The Herald Sun published an article about the work of CBNS member Dr Nicholas Veldhuis on developing new ways to block pain by re-engineering drugs to hit targets inside the nerve cells in the spine.
Melbourne scientists are developing new ways to block pain by re-engineering drugs to hit targets inside the nerve cells in the spine.
New, potent and long-lasting pain relief medications are desperately needed to help the estimated 20 per cent of Australians suffering chronic pain. “There is currently an opioid epidemic,” said Dr Nicholas Veldhuis, from the Australian Research Council Centre for Bio-Nano Science. “These painkillers have problematic side effects, such as addiction and tolerance, so we need to develop new drugs to relieve pain.”
Research internationally and in Melbourne is helping to achieve this ambitious goal.

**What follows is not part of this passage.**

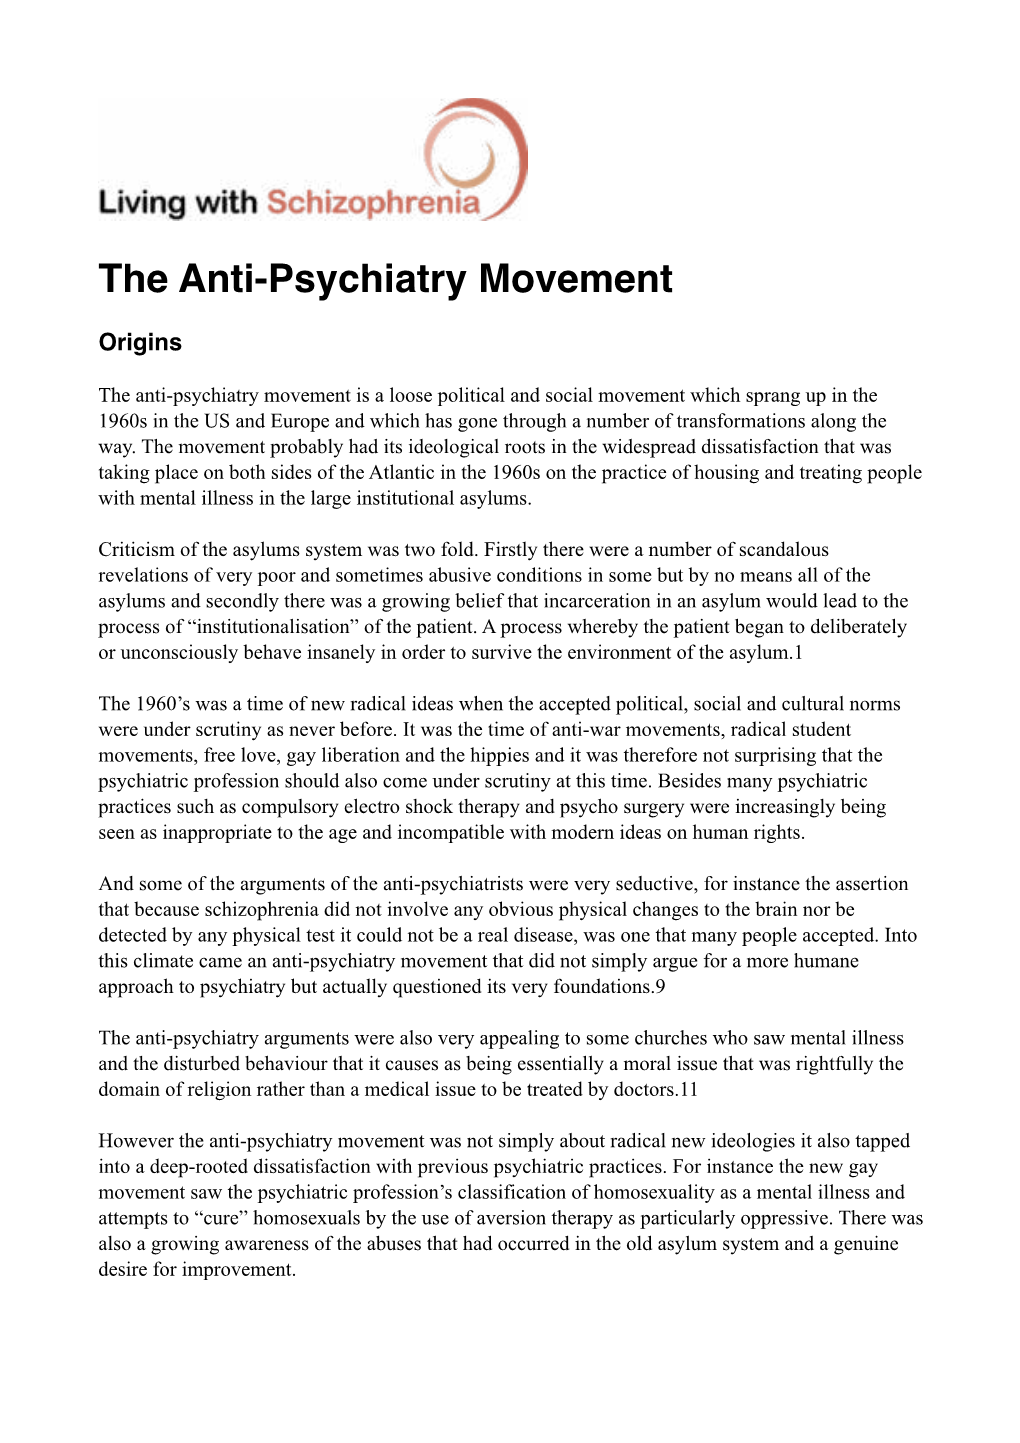 The Anti-Psychiatry Movement

When people experience pain, for instance touching a hot stove, chemical messengers called neurotransmitters send pain signals to the spine and the brain. They “talk” to tiny receptors sitting on the surface of nerve cells in the spine waiting to receive messages.
Traditional pain drugs target these receptors, but Dr Veldhuis, who is also from the Monash Institute of Pharmaceutical Sciences, said scientists discovered when these receptors received information at a cell’s surface, some of them actually moved into the inner chambers of the nerve cell. This manoeuvre may help them evade current pain relief medication.
Together with collaborations at Columbia University and the Monash Biomedicine Discovery Institute, the team are now developing new types of drugs and re-engineering existing ones to go inside the nerve cell. The aim is for the drug to stop the receptors from telling the brain about the pain. Powerful painkillers have problematic side effects.
While still in early preclinical and animals studies, Dr Veldhuis said their preliminary studies indicated this approach was effective. The most recent study, published in the Proceedings of the National Academy of Sciences, reveals blocking one of the key pain receptors responsible for migraine and other pain conditions was like “putting a handbrake on spinal neurons and persistent pain”.
Macquarie University’s Professor Mark Connor, an independent expert in pharmacology, said the discovery a few years ago that the receptors moved inside the cell and continued to signal was an important and interesting concept. “This is a new avenue for potentially blocking their activity, which could be useful for pain relief,” Prof Connor said.